Public Service Performance and Service Delivery
Where We Are
Public services are managed to a high degree through the central government which is suboptimal for speed and accuracy of service delivery. Public service performance is most efficient when individual departments and local authorities have the autonomy to operate nimbly and responsively to public service needs. Therefore, a certain amount of decentralization is required for optimal public service delivery. Effective decentralisation enables the devolution of functions from central government to Regional and/or Local Authority (LA). It is designed to enhance participatory democracy; sustainable development; and the capacity of regional and local government councils to manage and monitor delivery of services for their constituents.
By 2022, Namibia has improved service delivery to the satisfaction of citizens.
Slow pace of the decentralization process, which could be attributed to limited understanding and appreciation of the process and its benefits mostly among the affected staff members and Ministries; as well as inadequate support infrastructure at the regional level.

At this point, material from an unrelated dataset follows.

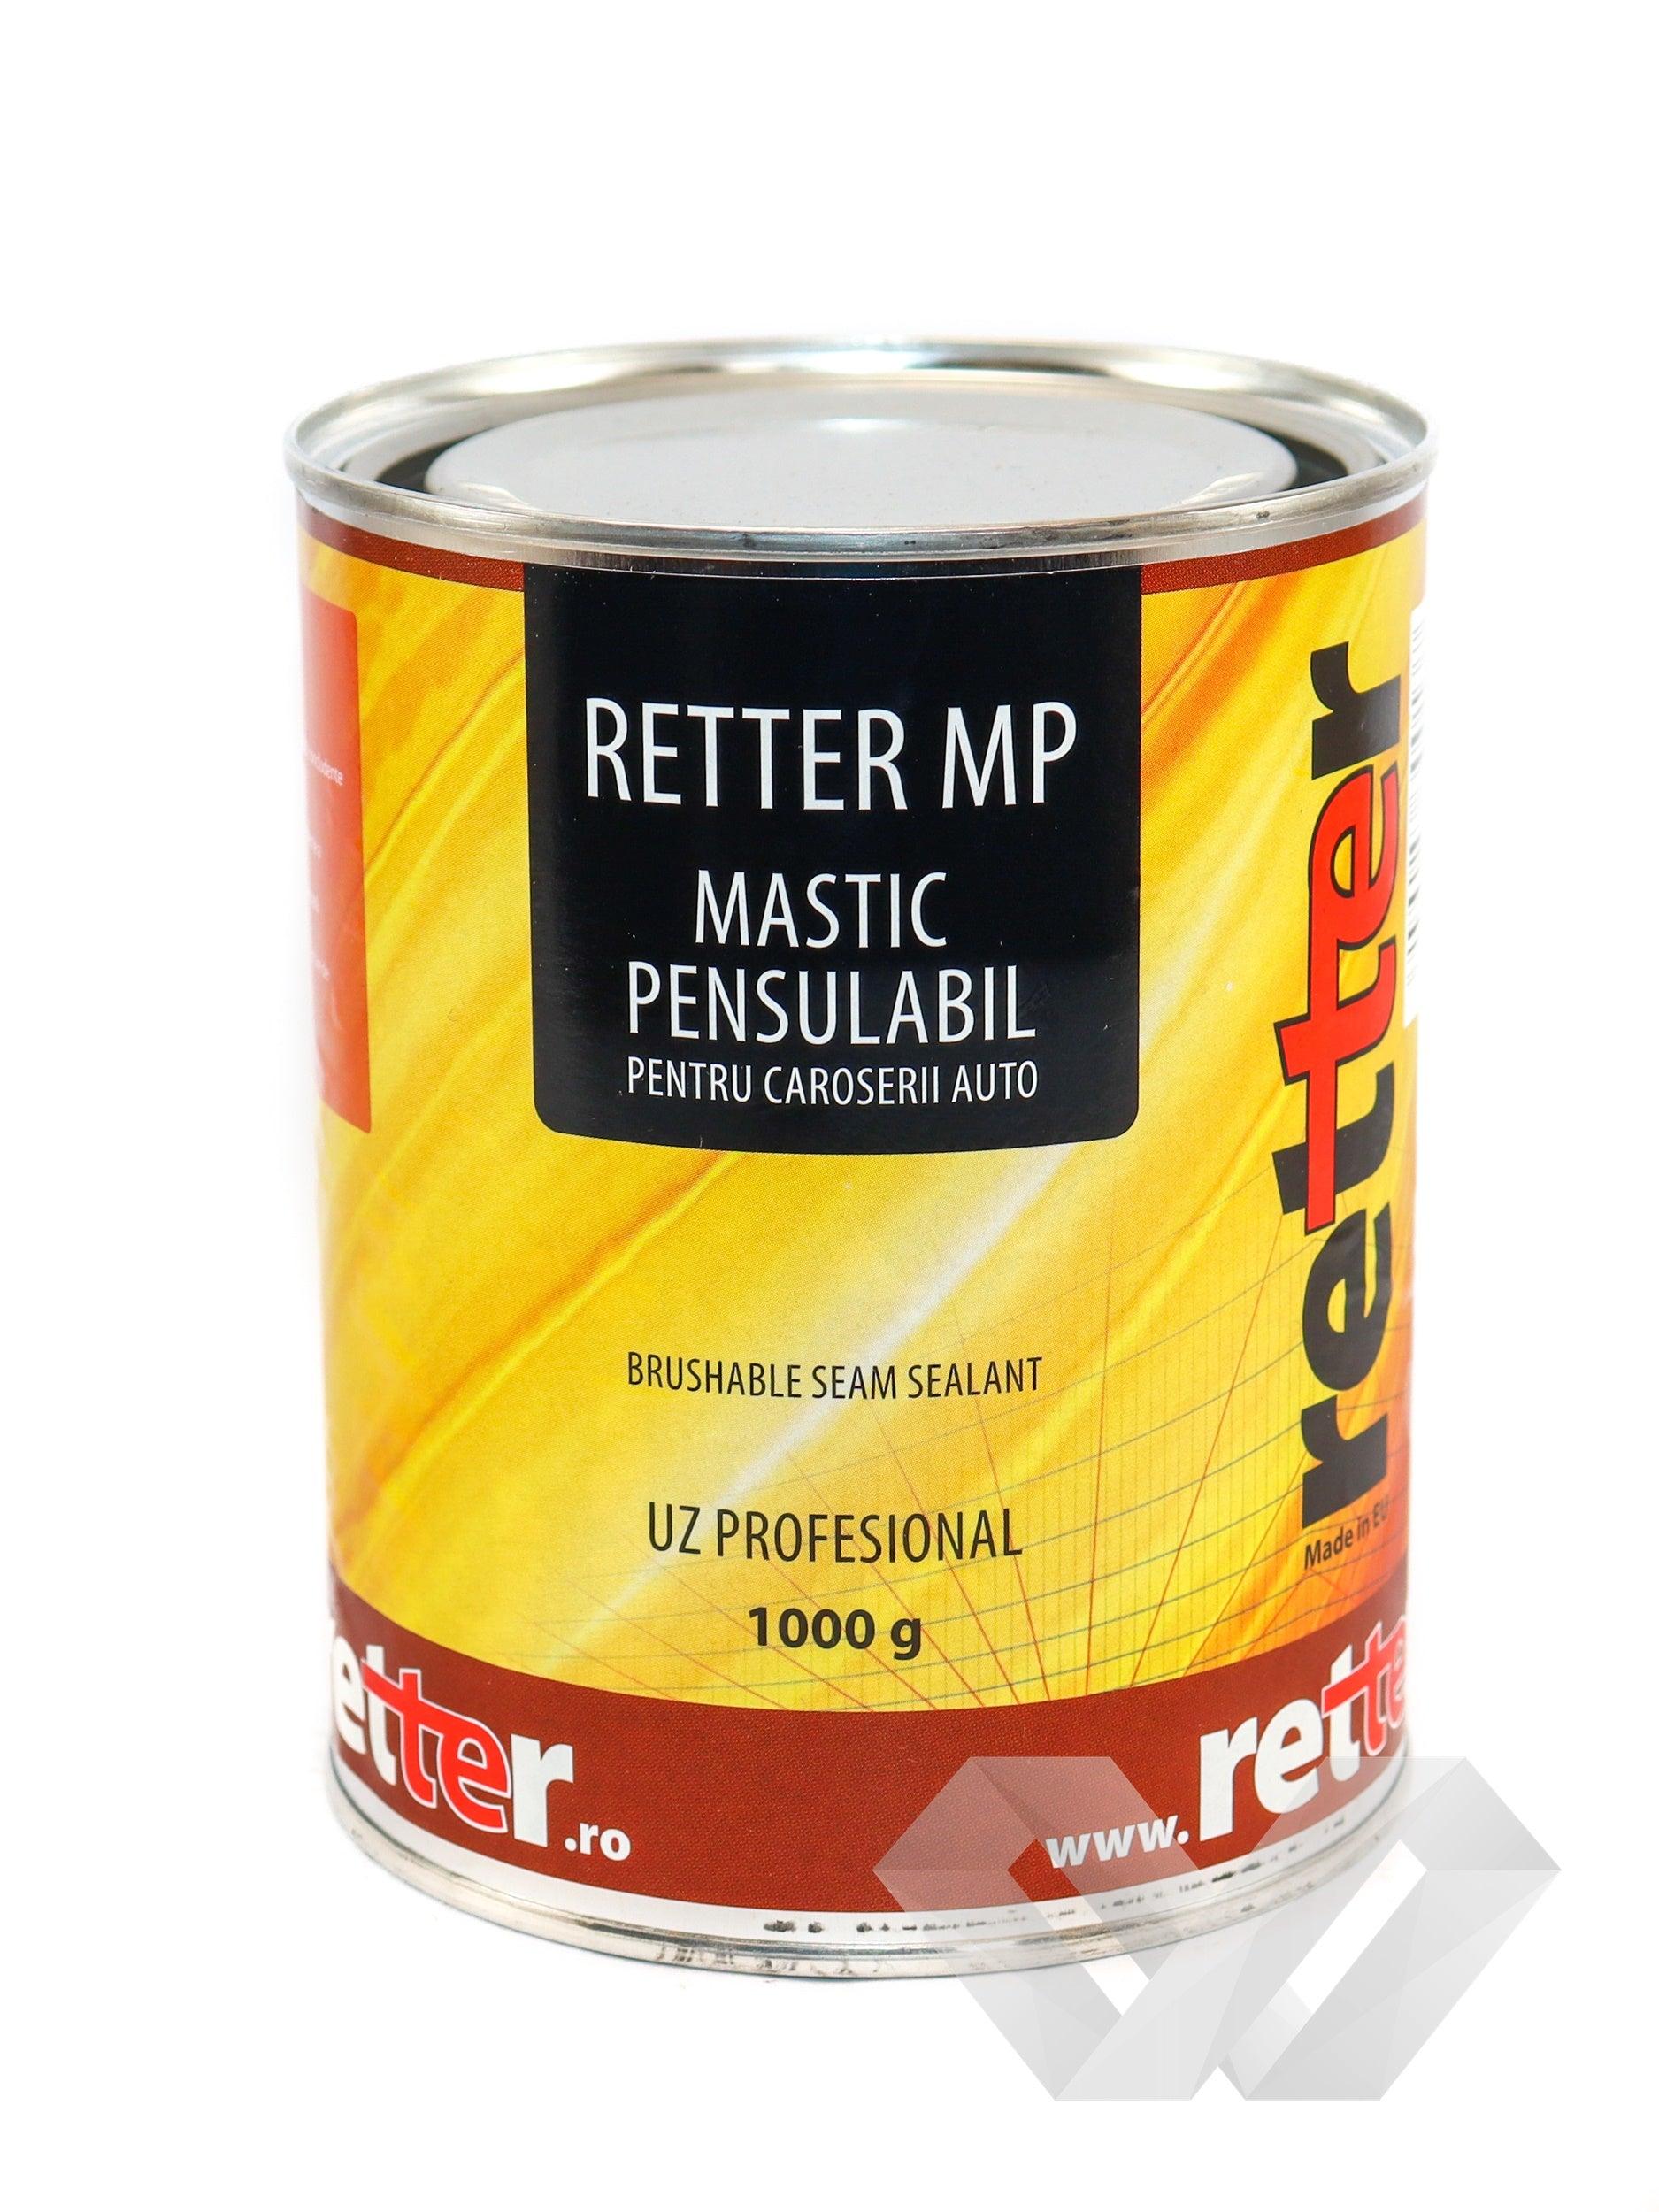 Mastic pensulabil pentru caroserii auto Retter MP, 1000gr

Limited understanding of how to achieve decentralization and therefore limited support for it.
Collaboration among departments is weak resulting in many decisions being escalated to the level of Cabinet committees which makes resolution of issues unacceptably slow and needlessly bureaucratic.
Where We Are
The state of statistics as measured by the World Bank Statistical Capacity Indicator, has not improved since 2005. According to the World Bank Statistical Capacity Indicator, Namibia’s average score for the past 13 years was 55.1% with the minimum of 47.8% in 2015 and maximum of 58.9% in 2004, 2005, 2007 and 2016. Not only is the Namibia score on the World Bank Statistical Capacity Indicator low and lower than the average score for Sub-Saharan Africa but has been declining over the period. This low score is largely due to inadequate development of administrative data in sectors. Such national state of affairs does not augur well for informing evidence based policy, planning, decision-making, monitoring, evaluation and reporting of national development plans, programmes and projects at every level.

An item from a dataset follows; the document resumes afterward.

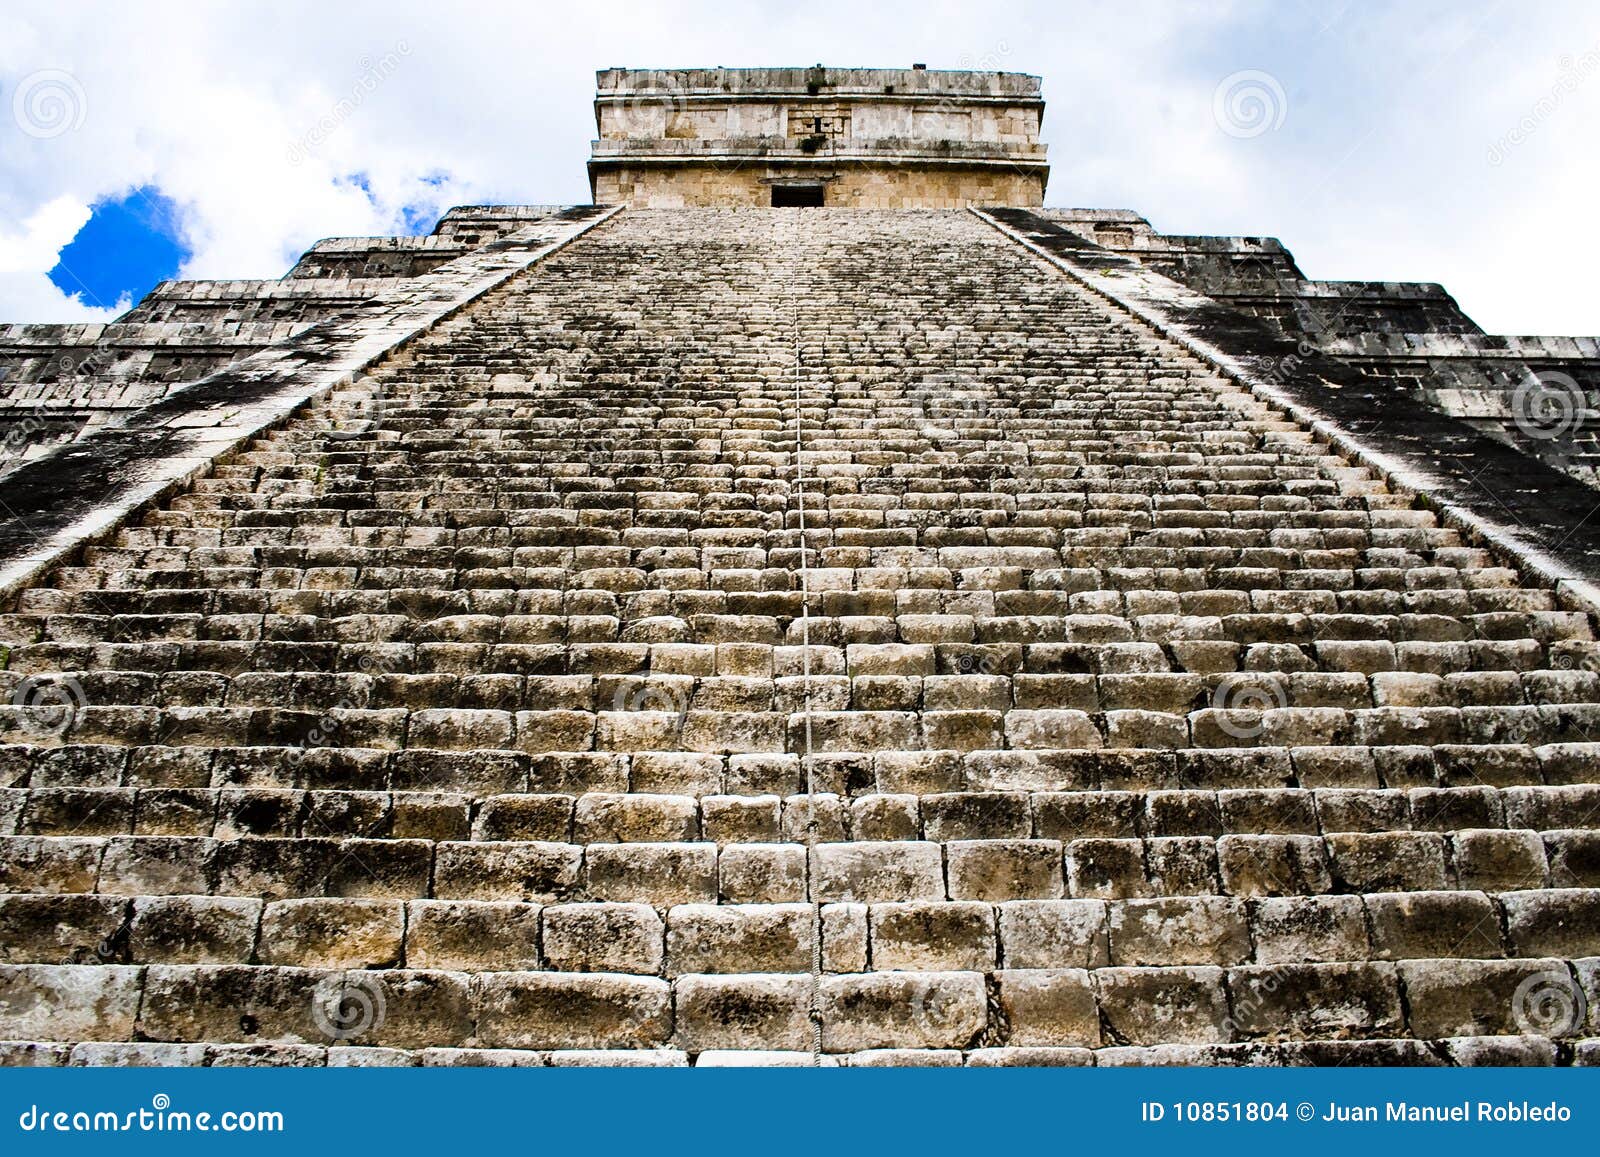 pyramid of chichen itza, mexico

By 2022, Namibia has an integrated statistical system providing quality and sound data and statistics for national development.
There is a general society-wide phobia for data (low levels of numeracy) that limit data usage among planners, decision-makers, and legislators. Furthermore, inadequate infrastructure and resources for statistical production affects timely production of statistics. There is further limited usage of administrative data as they do not meet the requirement for data soundness and “fit-for-purpose”.